Hacker News new | ask | show | jobs
by treprinum 874 days ago
Is Open AI using it in their assistants API for retrieval? Answer performance of those is really bad and retrieval is slow compared to Pinecone.
1 comments

Yes, it's used for the RAG implementation - though we only know that due to information leaked in an error message I believe: https://twitter.com/altryne/status/1721989500291989585
Simon, I am always amazed how you are able to keep up with so much so quickly!!
Hard to believe OpenAI uses Quadrant when they are backed by Microsoft, thus having Azure Cognitive Search (now "AI" Search)
Cognitive Search is nowhere as good as a 'pure' vector DB. Behind the scenes, it's a managed elasticsearch/opensearch with some vector search capabilities. The 'AI' implementations I've done with Cognitive Search always boil down to hybrid(vector+fts) text search.

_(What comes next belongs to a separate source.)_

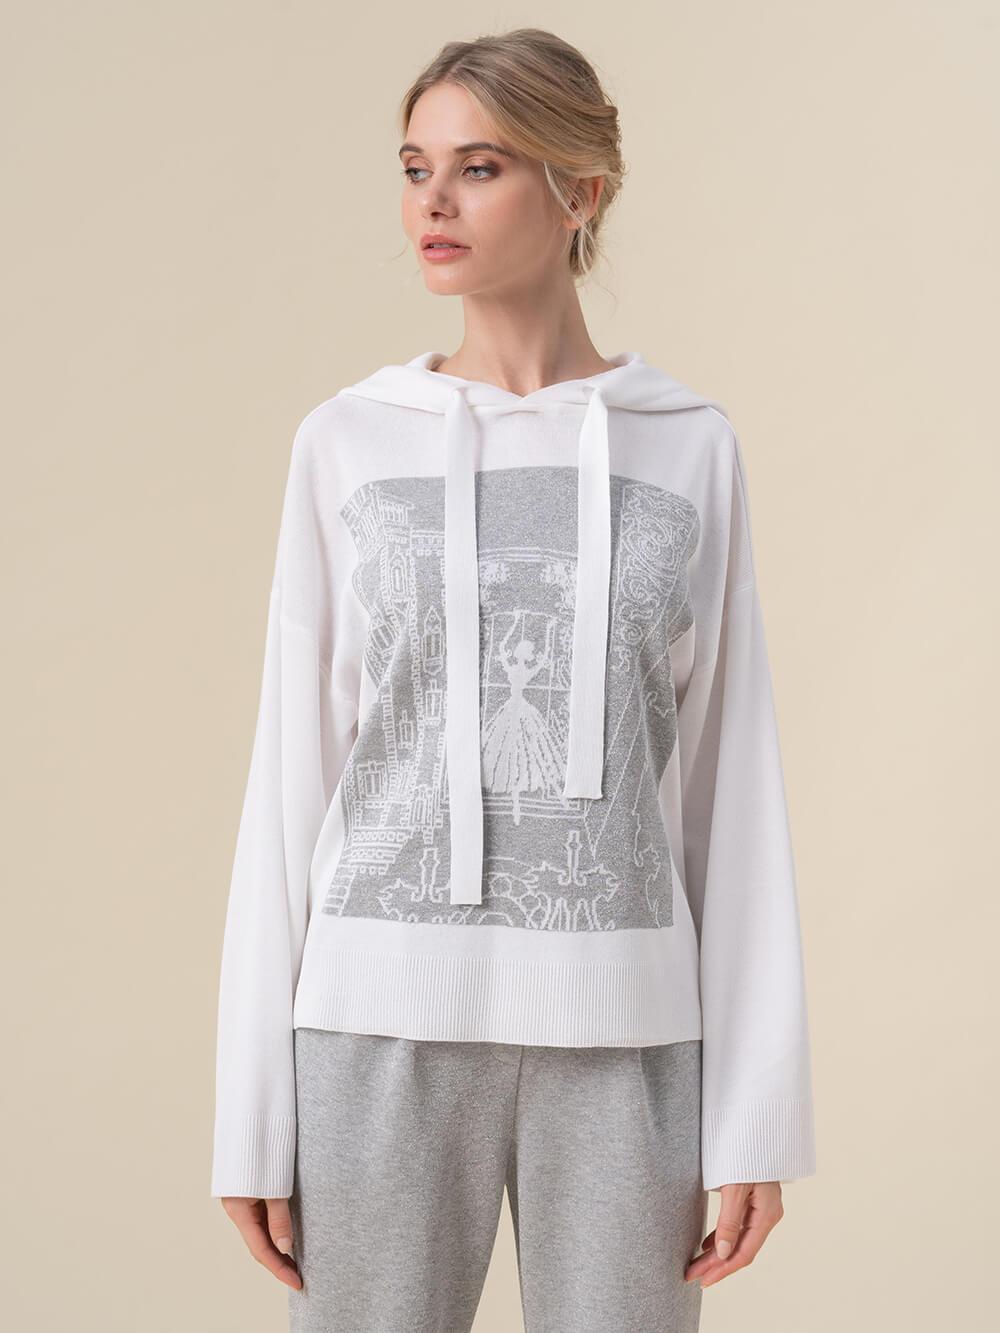 Женский джемпер белого цвета с принтом и капюшоном - фото 1

In context of RAG, the goal is not to have a pure vector DB but to have all the relevant data that we can gather for a user's prompt. This is where Cognitive Search and other existing DBs shine because they offer a combination of search strategies. Hybrid search on Cognitive Search performs both full text and vector queries in parallel and merges results which I find a better approach. Further, MS is rebranding Cognitive Search as Azure AI Search to bring it more in line with the overall Azure AI stack including Azure OpenAI.
Cognitive Search already contains hybrid search (vector + BM25 + custom ML reranking) and they use chunks of 2048 tokens with a custom tokenizer. So it should be now better than most vector DBs. One could probably make something better by using some version of SPLADE instead of BM25 but their secret sauce lies in their custom ML model for reranking that gives them the largest search performance boost.
Do you have any experience in AI search to compare it to other products?

I’m genuinely curious to know if it’s any good.